Researchers Verify Strength of Hibernating Bears

(Contact information: Jim Kearns, (307) 766-2670, [email protected])

Inside Rocky Mountain caves during the coldest part of winter, hibernating black bears are providing researchers with information that eventually could help lessen the debilitating effects of muscle atrophy or help astronauts to maintain their strength during long space flights.

In an article published in the Feb. 22 issue of "Nature," University of Wyoming researcher Henry Harlow and others report that hibernating bears preserve as much as 80 percent of their muscle strength in winter. The article, "Muscle Strength in Overwintering Bears," culminates five years of research in hundreds of mountain caves to determine why bears are strong and active when they emerge from their winter dens.

"If we find out how bears can preserve their strength while lying there for four or five months, the next step will be to see if we can apply some of these finding to humans," Harlow says. "Bed-ridden patients loose 0.7 percent of their strength per day, resulting in problems such as severe atrophy. This just doesn't happen in bears, and we've been working to find out why."

The "Nature" article, by Harlow, a professor in the Department of Zoology and Physiology, and Paul Iaizzo, a professor at the University of Minnesota, presents the most recent findings describing how bears can maintain so much of their strength, even though they are inactive and go without eating or drinking during the long winter hibernation periods.

In earlier studies, Harlow and other scientists examined bears' muscle and blood samples, and found that hibernating bears do not loose much protein. Harlow says that such protein conservation is accomplished by urea recycling, in which the nitrogen in their urine is converted into new amino acids, preserving protein and contributing to new muscle tissue.

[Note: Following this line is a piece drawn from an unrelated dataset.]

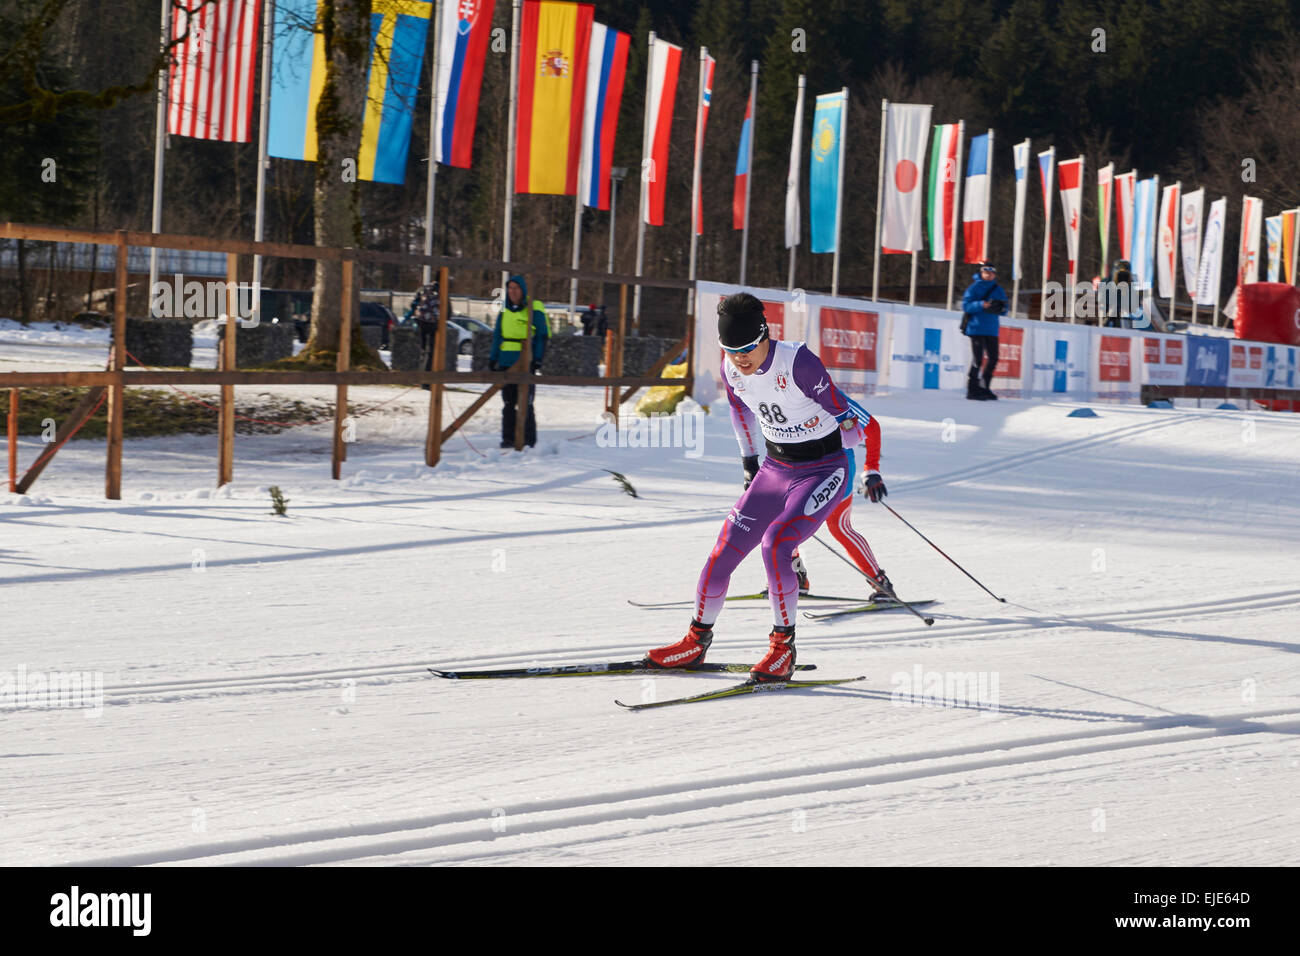 oberstdorf women 本站(bt蚂蚁)是最大的bt资源搜索引擎,提供下载资源的索引服务。 收藏》》》本站网址:wwwbtanttcom ccs120101tdswomenoberstdorfskiathlon720p-skisr08 4768 mb.

University of Washington researchers confirmed that bears can recycle nearly 100 percent of their urinary waste, while other hibernating animals recycle only about 20 percent.

The findings published in "Nature" build upon the earlier protein conservation studies. The researchers found a non-invasive way to measure strength of the hibernating bears. Iaizzo has done much work with humans who have muscle disorders such as dystrophy. He developed a way to measure strength by stimulating a nerve that causes a muscle reaction, which can be measured as a visual display of strength.

UW scientists modified Iaizzo's system to develop a leg brace that fits over a bear's knee. Researchers enter the bear's den and test its strength twice during the winter. When the nerve is stimulated, the bear's muscular reaction can be displayed on a computer screen, providing a reading that shows a maximal force of strength. These tests confirmed that hibernating bears loose only about 20 percent of their strength while confined to their den over winter. For comparison, humans that are similarly inactive often loose 80 percent of their strength as their muscles continue to wither away.

The ability to conserve protein is only one part of maintaining strength. Harlow notes that exercise is also required. He speculates that hibernating bears undergo massive shivering episodes, during which many of their muscles contract in a sort of involuntary isometric exercise. Instruments that log the bears' temperatures showed spikes (temperature increases) occurring about four times a day, which Harlow believes is a measure of such violent shivering episodes.

"It's almost like a human getting on an exercise bike. We think these massive muscle contractions are helping the bears to maintain strength and muscle tone through the winter," Harlow says. He thinks bears developed these physiological responses as a survival mechanism.

"In dens, the bears are vulnerable to cougars and other predators. These phenomenal physiological responses likely evolved as a flight or fight defense," he says. "The bears must be able to arouse quickly enough to avoid or fend off the intruders."